The schedule serves as a link between guidance and actuals. By comparing the scheduled hours with the actual hours worked, you can assess whether employees worked as planned and if managers stayed within the guidance.

Tip: Maintain flexibility with your schedule. Build in a little extra time for unexpected changes in demand while still aligning with overall guidance.

5. Ideal

The ideal is the perfect scenario where labor hours and costs align exactly with the business’s operational needs, assuming 100% forecast accuracy. It serves as a benchmark for evaluating how well your labor model is working.

Even though it’s nearly impossible to always hit the ideal, it gives you a target to aim for. If you are consistently falling short, it may indicate that your labor model needs adjusting. Overstaffing leads to higher costs, while understaffing can lower productivity and hurt customer satisfaction.

Tip: Regularly compare your actuals with the ideal to identify areas for improvement. The goal is to move closer to the ideal over time, reducing both overstaffing and understaffing.

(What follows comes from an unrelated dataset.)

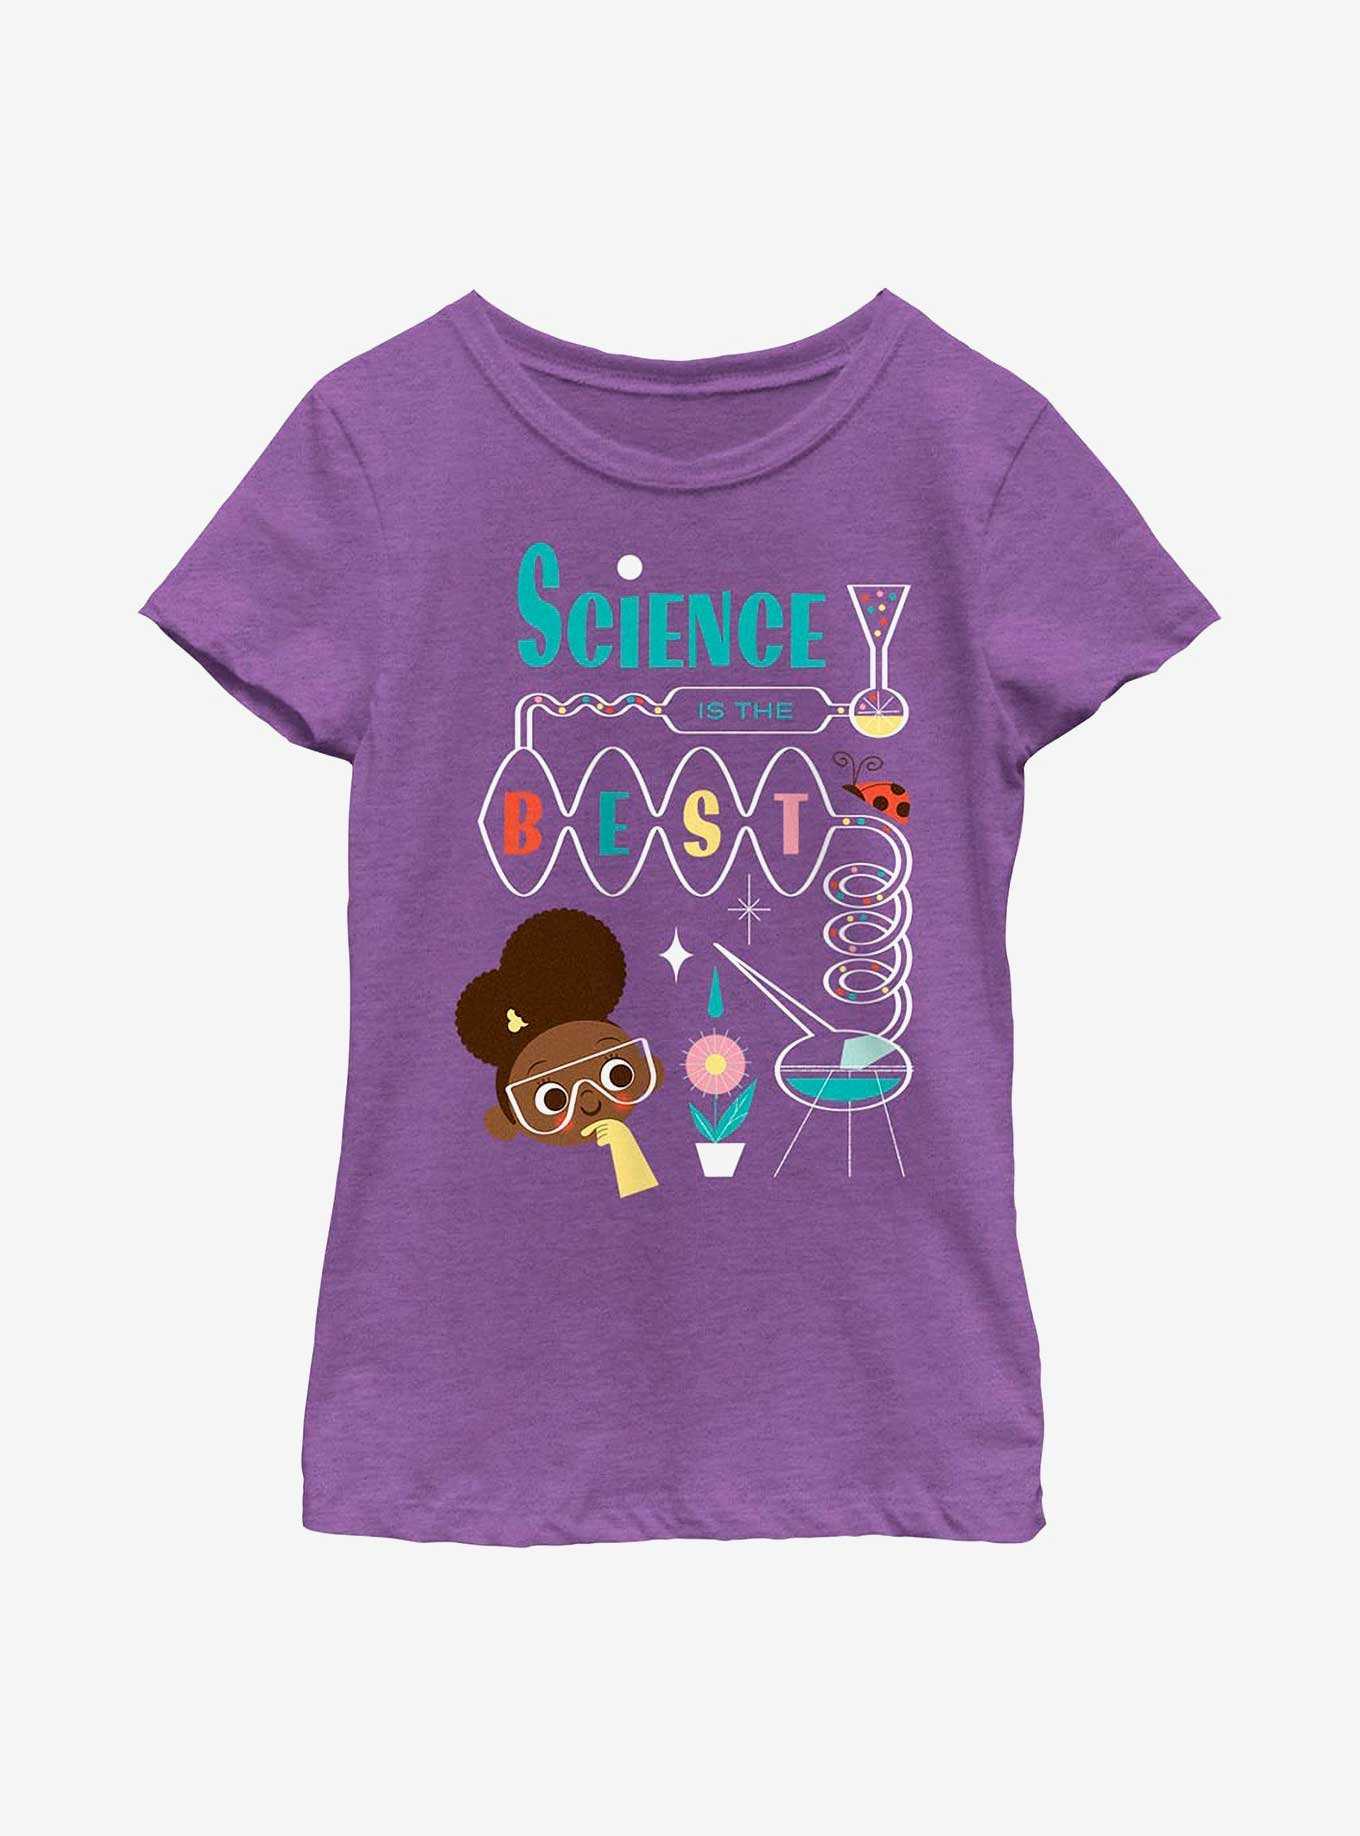 Ada Twist, Scientist Science Is The Best Titration Youth Girls T-Shirt, , hi-res

Key Comparisons Between the Five Metrics

Tracking these five metrics is important, but the real value comes from comparing them against each other. These comparisons give you a better understanding of your labor performance and highlight where improvements are needed.

1. Budget vs. Guidance

This comparison ensures that your budget is aligned with your operational guidance. If these two don’t match, it could indicate a disconnect between your financial plan and staffing needs, highlighting potential issues that may require adjustments.

Actions to Take:

  • Review your budget inputs to ensure they account for all operational factors.
  • Check your staffing model for any gaps or misalignments.
  • Ensure the demand forecasts used in both the budget and guidance are consistent.

2. Schedule vs. Guidance

This comparison focuses on managerial performance. Are managers following the hours set by guidance? If not, why? Are they adjusting schedules due to emergencies or personal preferences?

Actions to Take:

  • Investigate any deviations from the guidance to determine whether they stem from real business needs, employee preferences, or scheduling mistakes.
  • Compare the suggested schedules with those that managers actually implement to identify patterns or trends.

3. Schedule vs. Actual

This comparison looks at both manager and employee behavior. Are employees working the hours in which they were scheduled? If not, why? Are they picking up extra shifts or working outside their set hours?

Actions to Take:

  • Investigate discrepancies between the schedule and actual hours worked.
  • Look into possible reasons for these deviations—such as emergency staffing needs or scheduling preferences.

4. Guidance vs. Ideal

This comparison evaluates the effectiveness of your labor model. If your guidance is accurate but you’re still not hitting the ideal, it might be time to revise your labor model.

Actions to Take:

  • Reevaluate your staffing model and see if it matches up with ideal performance.
  • Make adjustments based on real-world data to move closer to the ideal.

5. Budget vs. Ideal

This comparison helps you see if your budget aligns with the ideal labor model. For them to align, both the budget and guidance must be built on the same basic elements including demand forecasts, labor costs, operational needs, flexibility for variability (such as seasonality, holidays, or emergencies), and efficiency targets (ensuring labor is used exactly where and when it is needed).

Actions to Take:

  • Review your budget to make sure it accurately reflects your operational needs.
  • Reassess your labor model to ensure it aligns with the ideal.
  • Confirm that demand forecasts are consistent across both budget and guidance.

Conclusion

Managing labor costs effectively is essential for any successful business. By tracking the five key dimensions of labor—Budget, Guidance, Actuals, Schedule, and Ideal—you can gain valuable insights into how well your labor resources are being used.

Your workforce management system is a powerful tool. By regularly comparing these five key metrics and making data-driven adjustments, you can keep labor costs under control while ensuring your business is always properly staffed. When done effectively, this will improve your company’s efficiency and profitability over time.